会計や人事、販売管理といった企業の中核を担う基幹システムやERPは、長年の運用でアドオンが積み重なり、保守コストが膨らみ、改修の判断が難しくなりがちです。全面刷新まで踏み切れないものの、特定の機能だけを追加・改善したい、法改正に対応したい、連携部分のボトルネックを解消したいといった「部分的な改修」のニーズは、むしろ全面刷新よりも頻度高く発生します。そして、その改修を社内だけで完結できる企業は限られているため、ベンダーへの発注・外注・委託という選択が現実的な手段となります。

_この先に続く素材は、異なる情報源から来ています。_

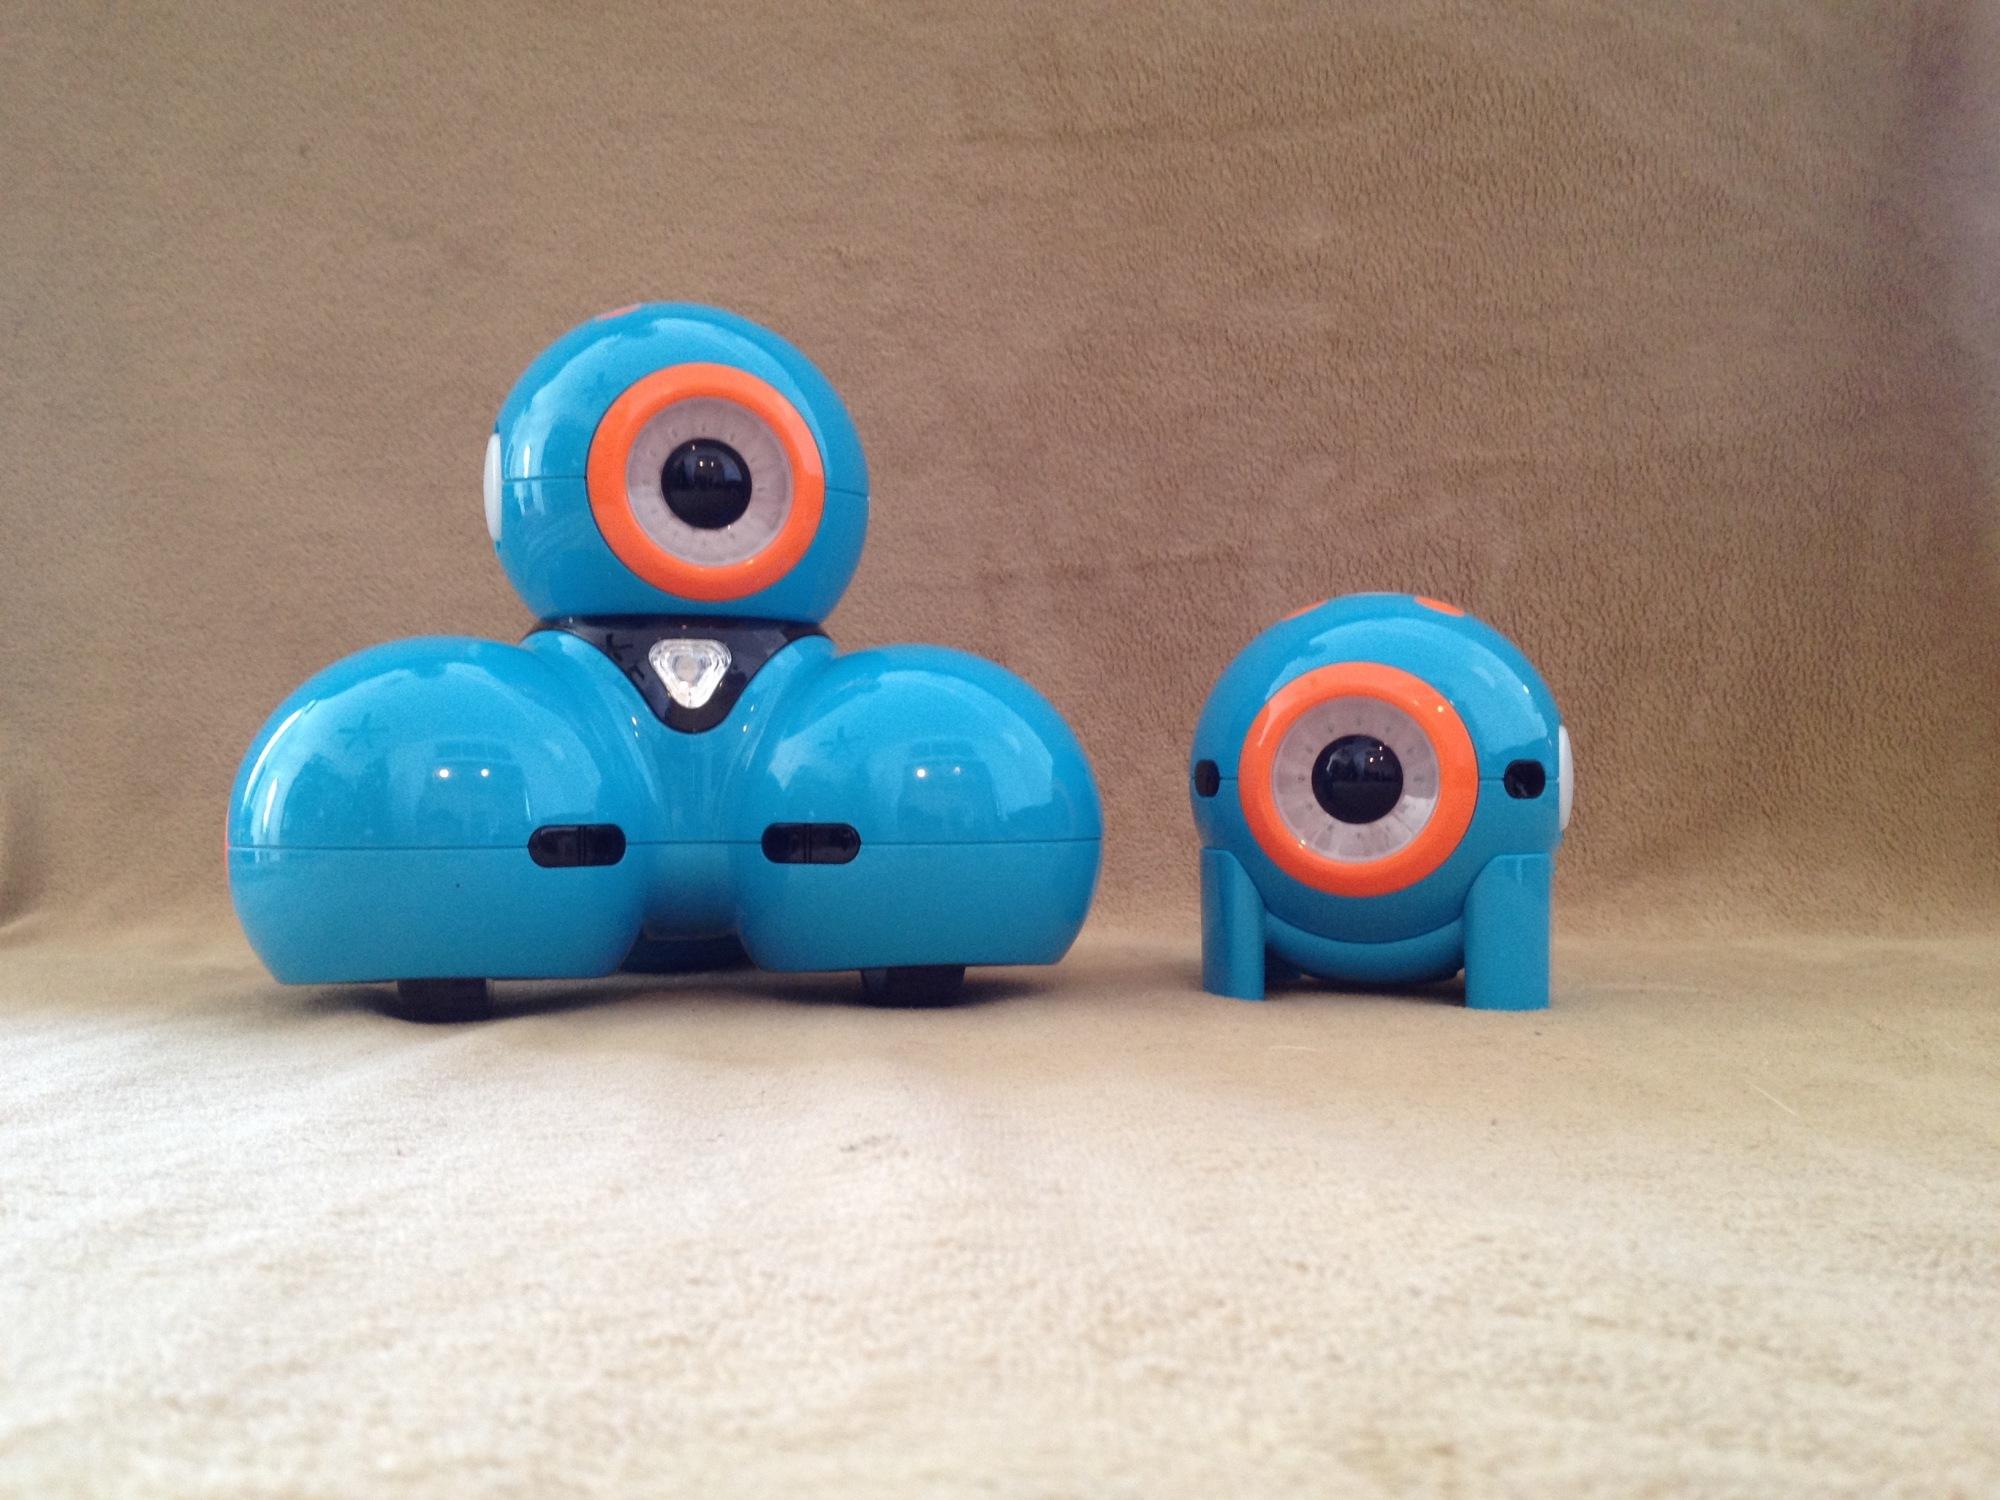 Kuazie and Blu

本記事では、基幹システム・ERP改修を外部へ発注する際の進め方を、発注前の準備から契約形態の使い分け、ベンダーロックインを避ける契約の工夫、費用相場と隠れコスト、発注先の選定基準まで一気通貫で解説します。独立行政法人情報処理推進機構(IPA)の一次データや、基幹システム特有のFit to Standard・データ移行の重さといった実務上の落とし穴も踏まえ、この記事を読めば「誰に、どう頼み、いくらで、何に注意して進めればよいか」が判断できる構成にしています。スコープを限定し、費用対効果を最大化する発注の考え方を身につけていただける内容です。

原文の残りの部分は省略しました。